2022-07-27 21:13:00 【It's me】

First contact with 《SRE：Google Operation and decryption 》 It was three years ago , At that time, I didn't read carefully for my own reasons , For some of the knowledge in the book is also a superficial taste , It may be because of the pit you climbed at that time , Too few falls , I don't have a deep understanding of it , I gradually forget a lot about it .
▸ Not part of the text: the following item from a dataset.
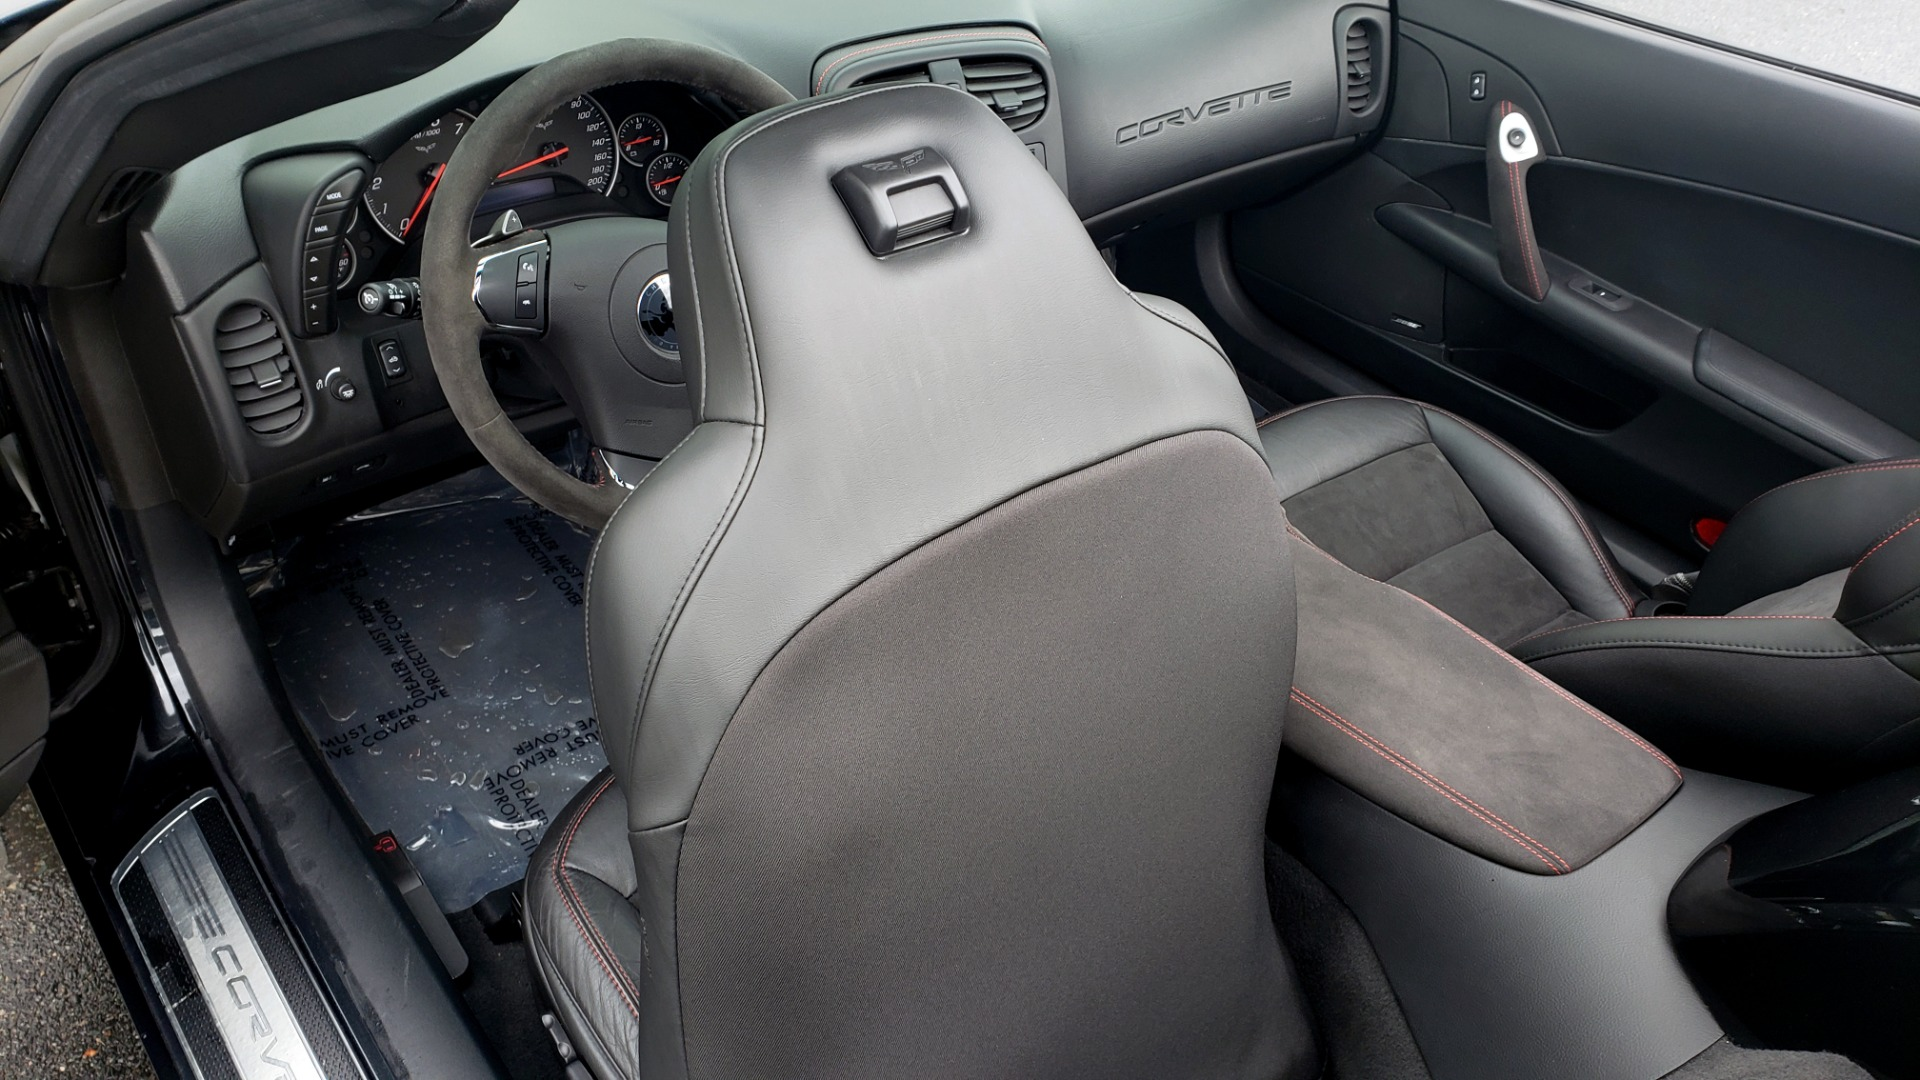 Used 2012 Chevrolet CORVETTE Z16 GRAND SPORT 3LT CONVERTIBLE / 6-SPD AUTO / NAV for sale $38,990 at Formula Imports in Charlotte NC 28227 68

Recently, the technical committee resurrected this book , I read it carefully again , We found that in the past three years, we have made great efforts to it , But there is a lack of systematic thinking , So everyone has a feeling of hammer in the East and hammer in the West , I feel like I did something and I feel like I didn't do anything .

This book is divided into four parts ： overview 、 guiding ideology 、 Concrete practice 、 management . The book is about SRE The following definitions are made “SRE The profession focuses on the life cycle management of the whole software system . From its design to deployment , After continuous improvement , Finally, he retired smoothly , Such a profession must have a very wide range of skills , But the focus is different from that of other professions . First SRE yes The engineer , secondly SRE Our focus is reliability ”. In this part, I will talk about my personal understanding , From the definition in the book combined with my personal experience ,SRE The level of personnel requirements is actually very high , This kind of work is not an ordinary SaaS Level development can be competent , It requires personnel to have SaaS/PaaS/IaaS Three levels of experience , Have an architectural design 、 software development 、 Knowledge of operation and maintenance , I have my own understanding of stability , If a system goes online , Users cannot use stably , Then there is no meaning of existence , and SRE What people have to do is , Use up what you have learned , Try to make the whole system run more reliably , More effective use of resources , But it doesn't mean SRE People should pursue 100% Stable and reliable , Because of the pursuit of 100% reliable , The ratio of income to pay is too low .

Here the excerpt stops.